WHAT IS NEEDED »
Write every line below out again, exactly as given, but leave out the pictures.

DATASET EXTRACT »
____
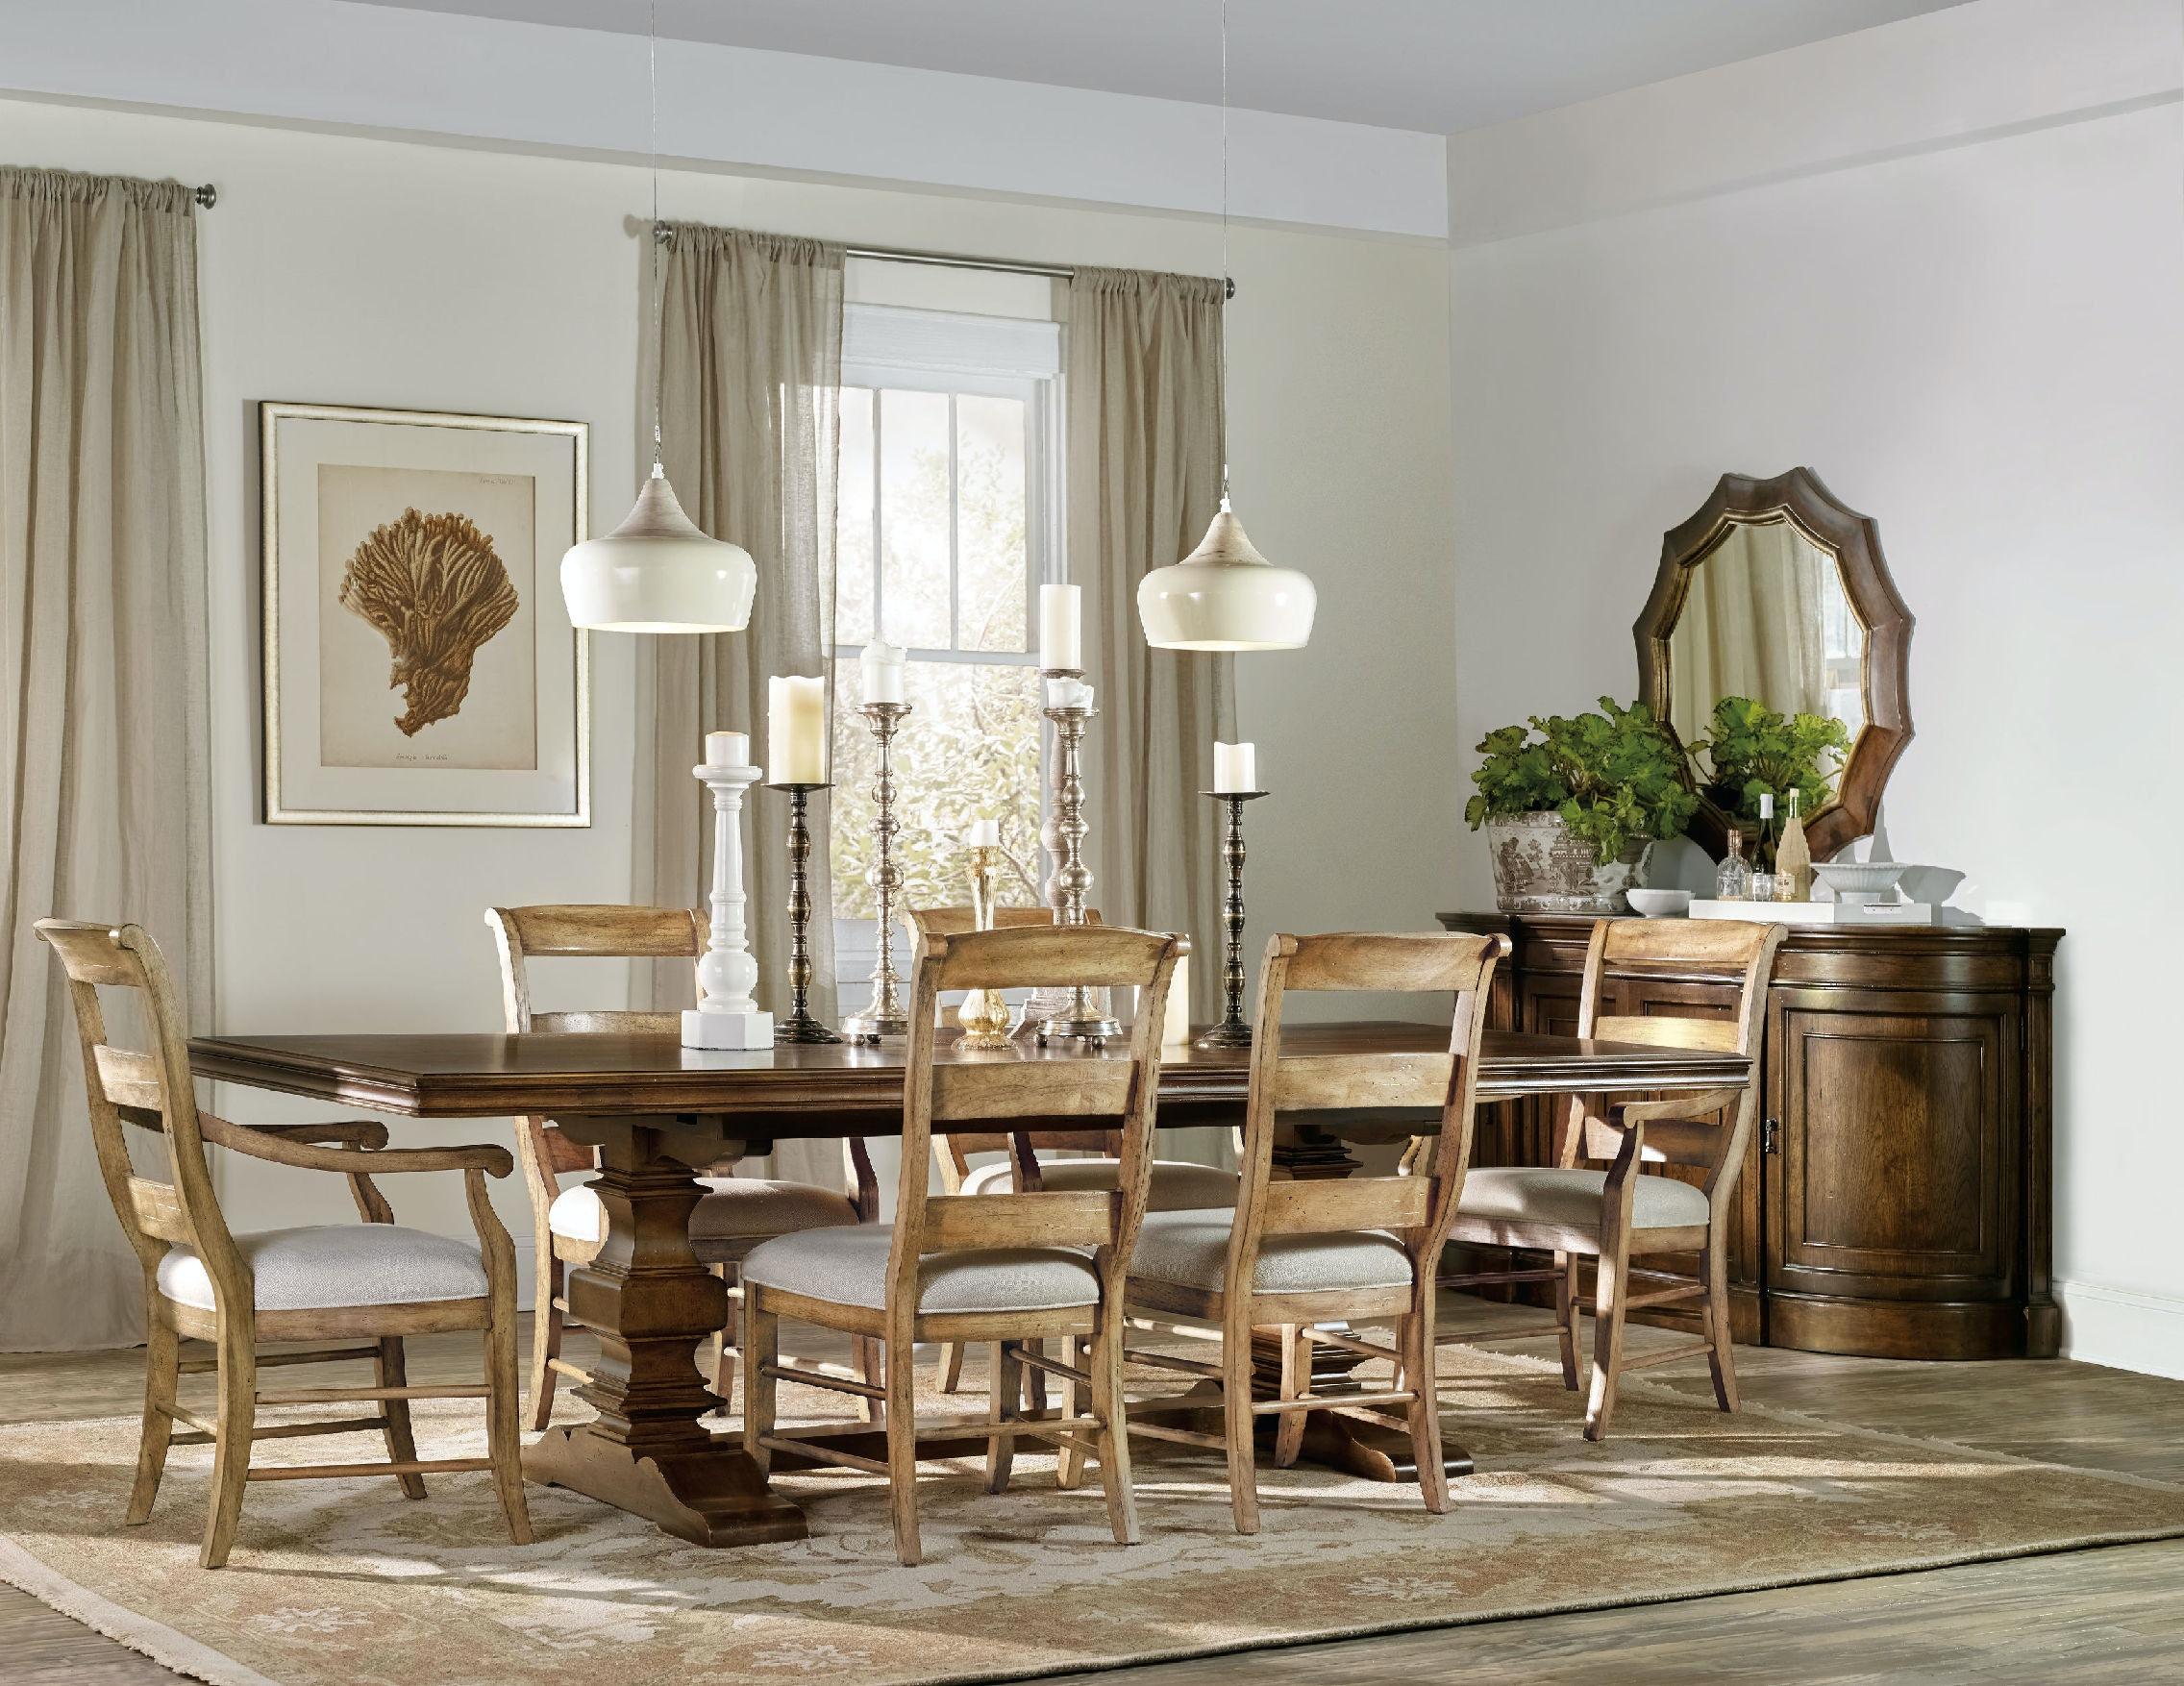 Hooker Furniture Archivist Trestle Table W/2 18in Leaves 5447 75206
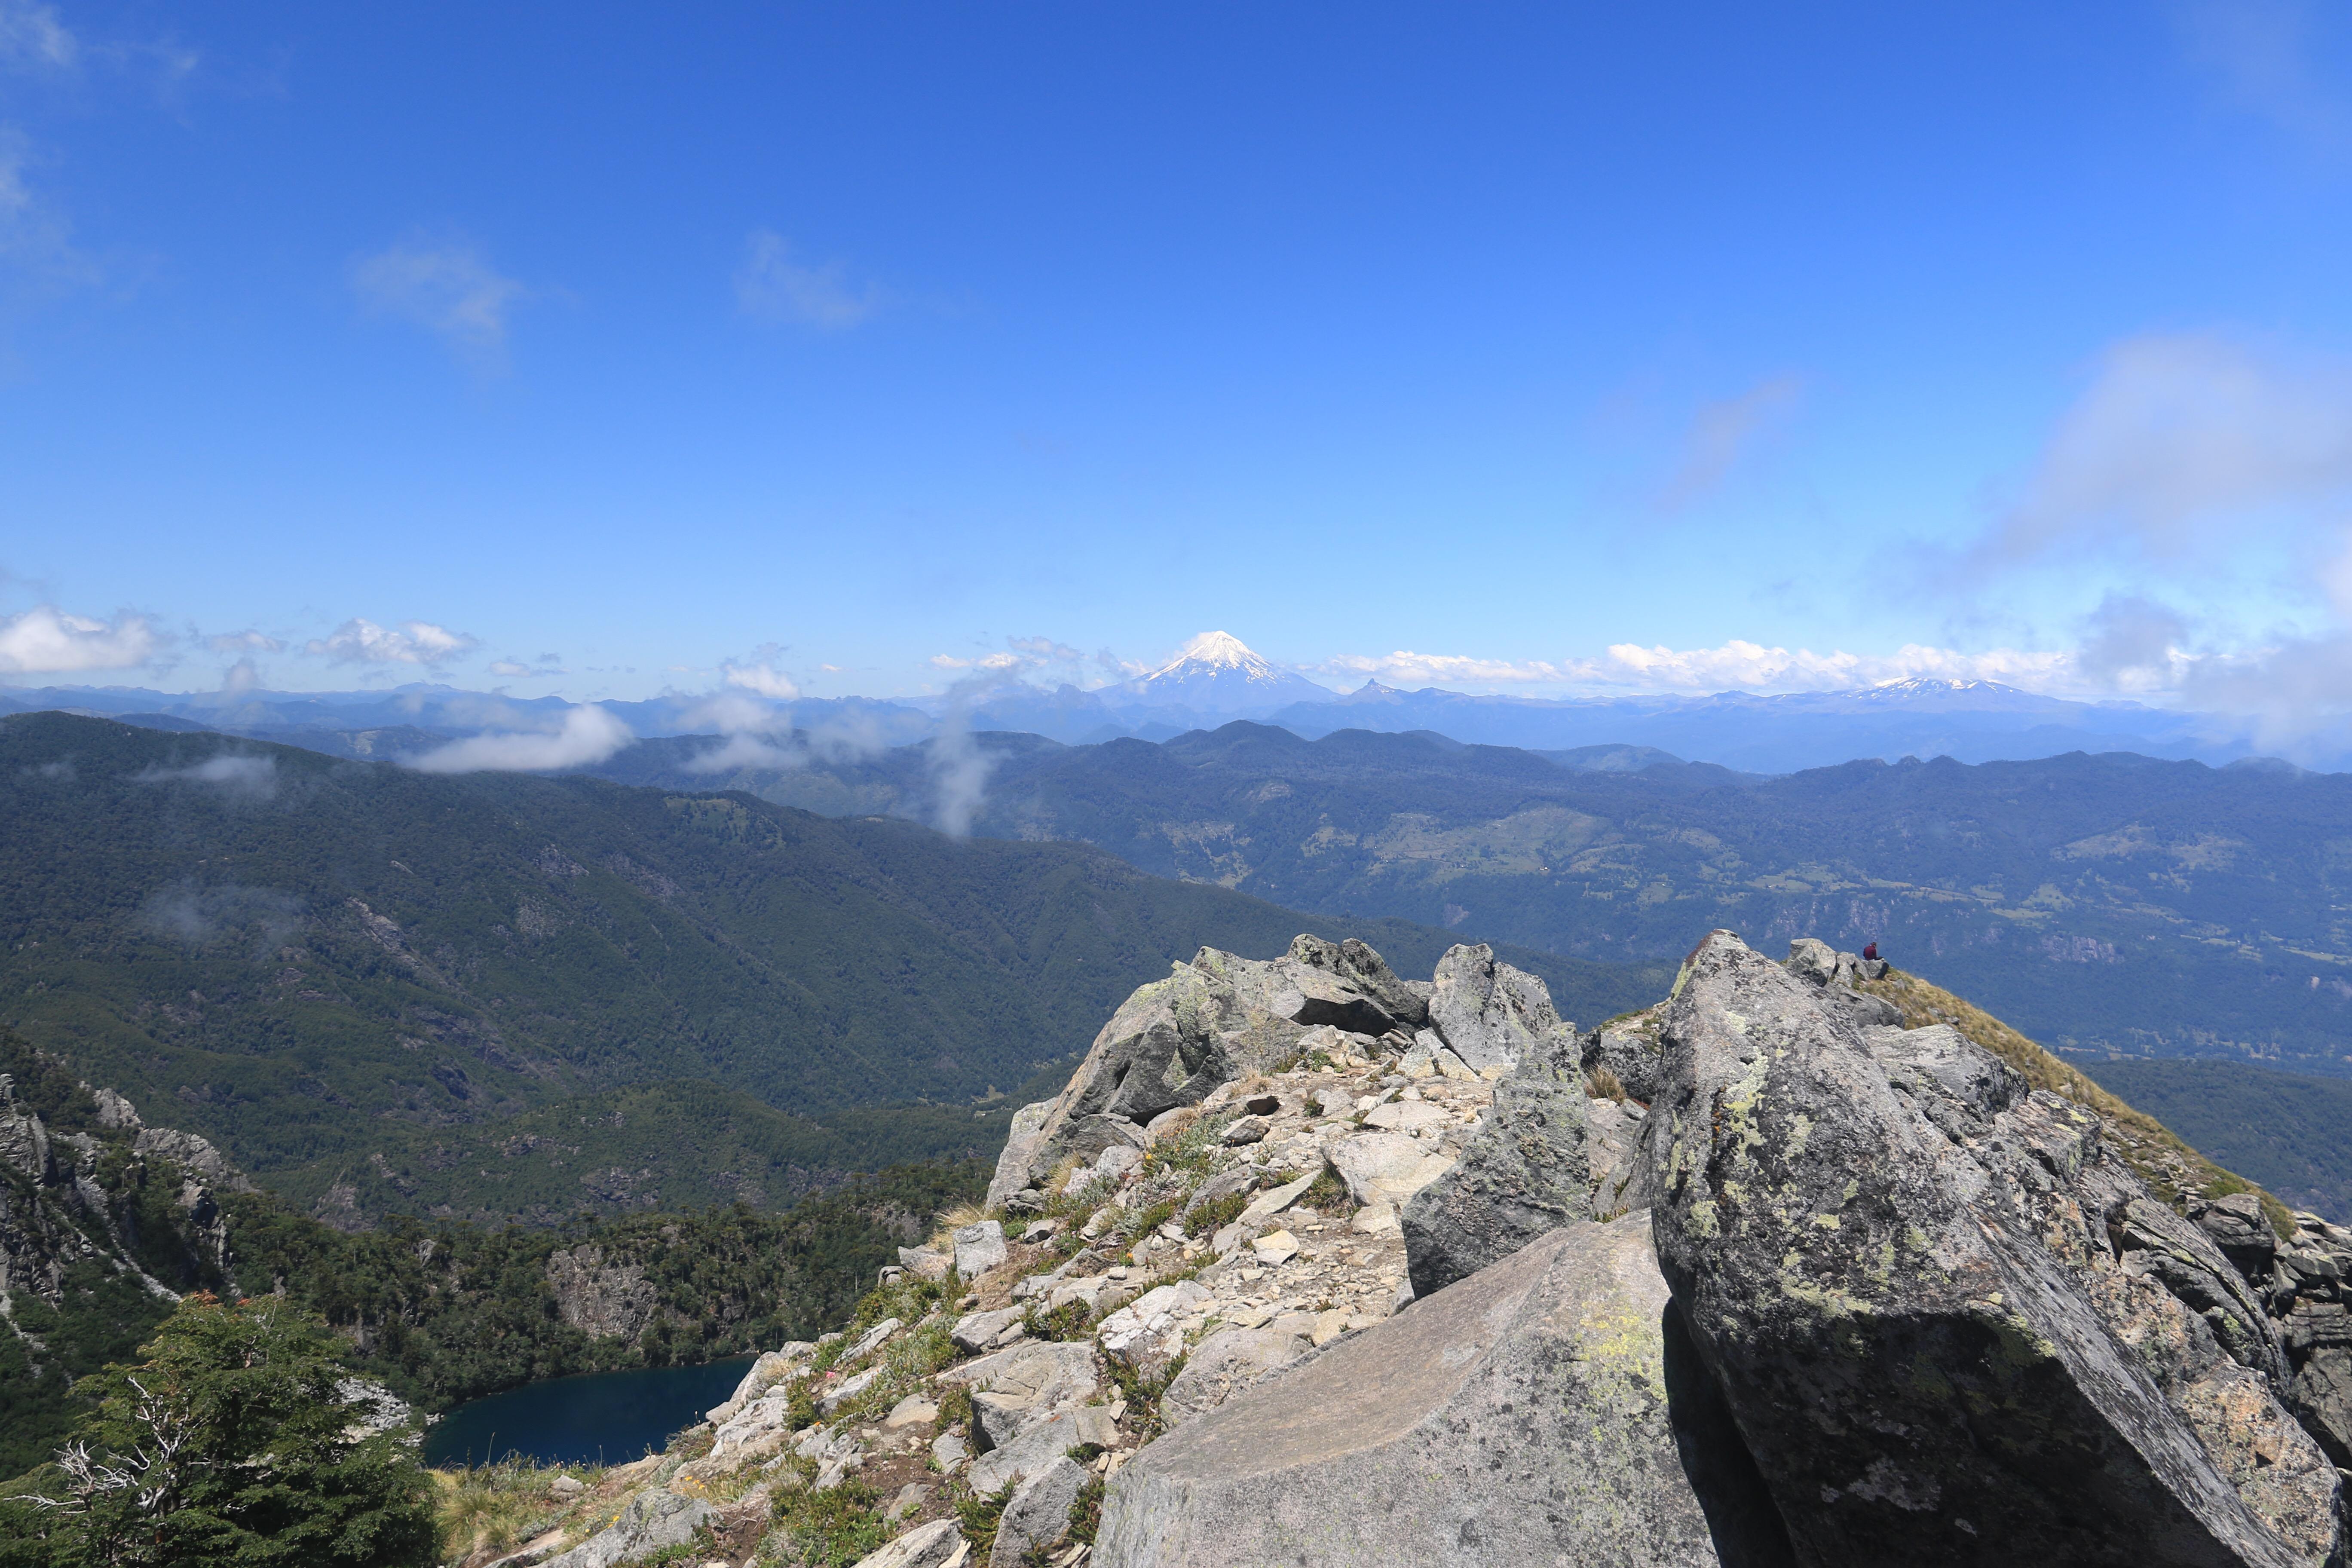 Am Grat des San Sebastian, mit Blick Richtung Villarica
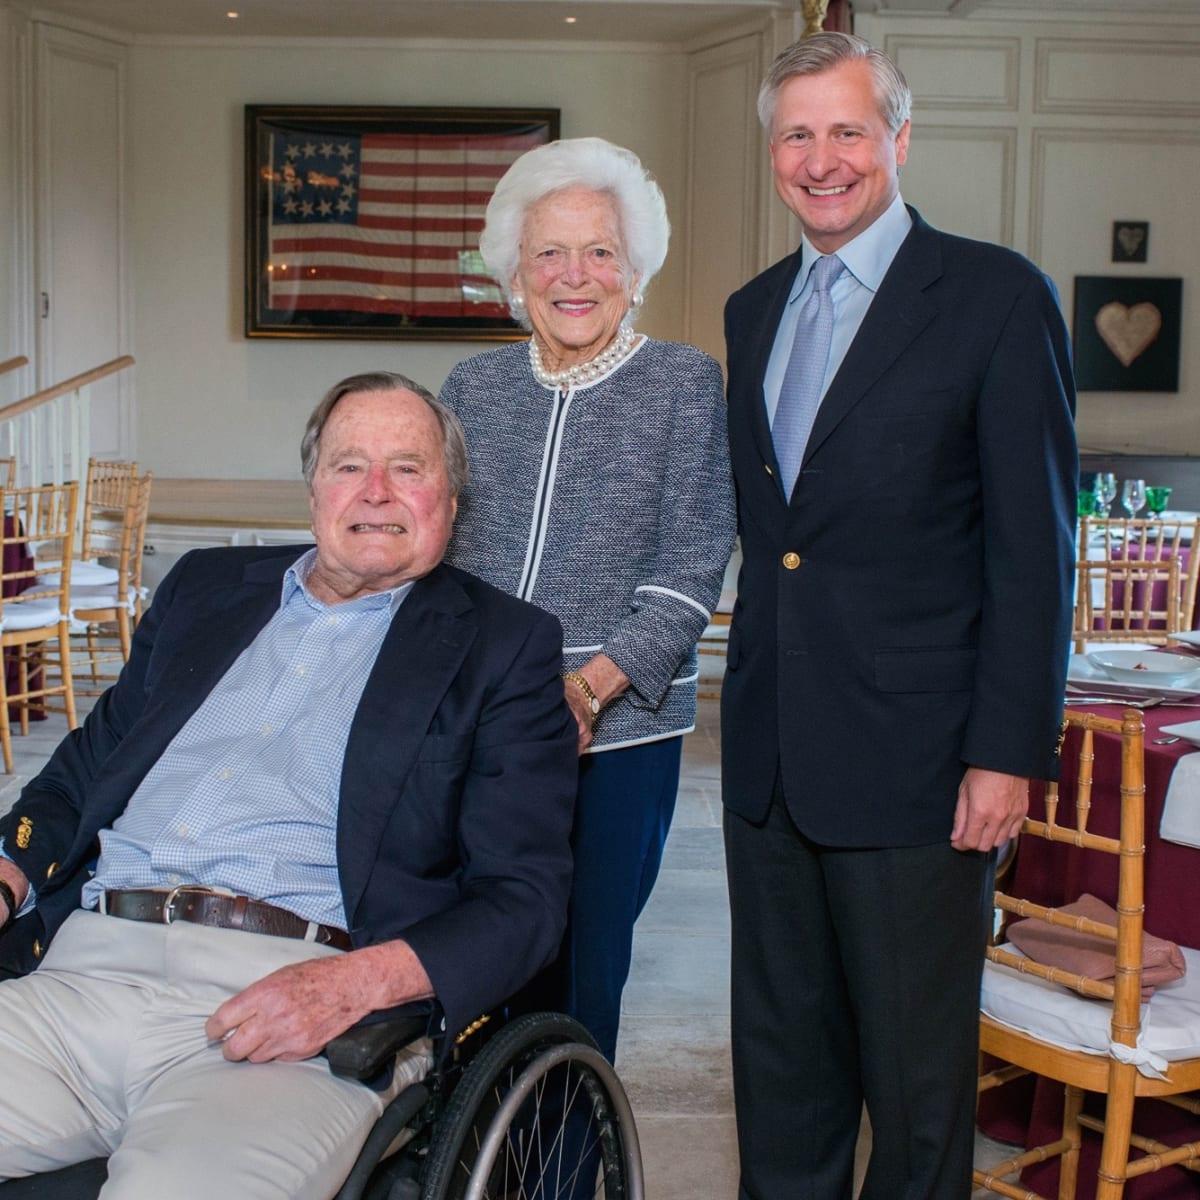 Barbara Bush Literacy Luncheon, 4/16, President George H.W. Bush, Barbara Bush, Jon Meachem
____
OUTPUT FOR THIS EXERCISE »
 Hooker Furniture Archivist Trestle Table W/2 18in Leaves 5447 75206
 Am Grat des San Sebastian, mit Blick Richtung Villarica
 Barbara Bush Literacy Luncheon, 4/16, President George H.W. Bush, Barbara Bush, Jon Meachem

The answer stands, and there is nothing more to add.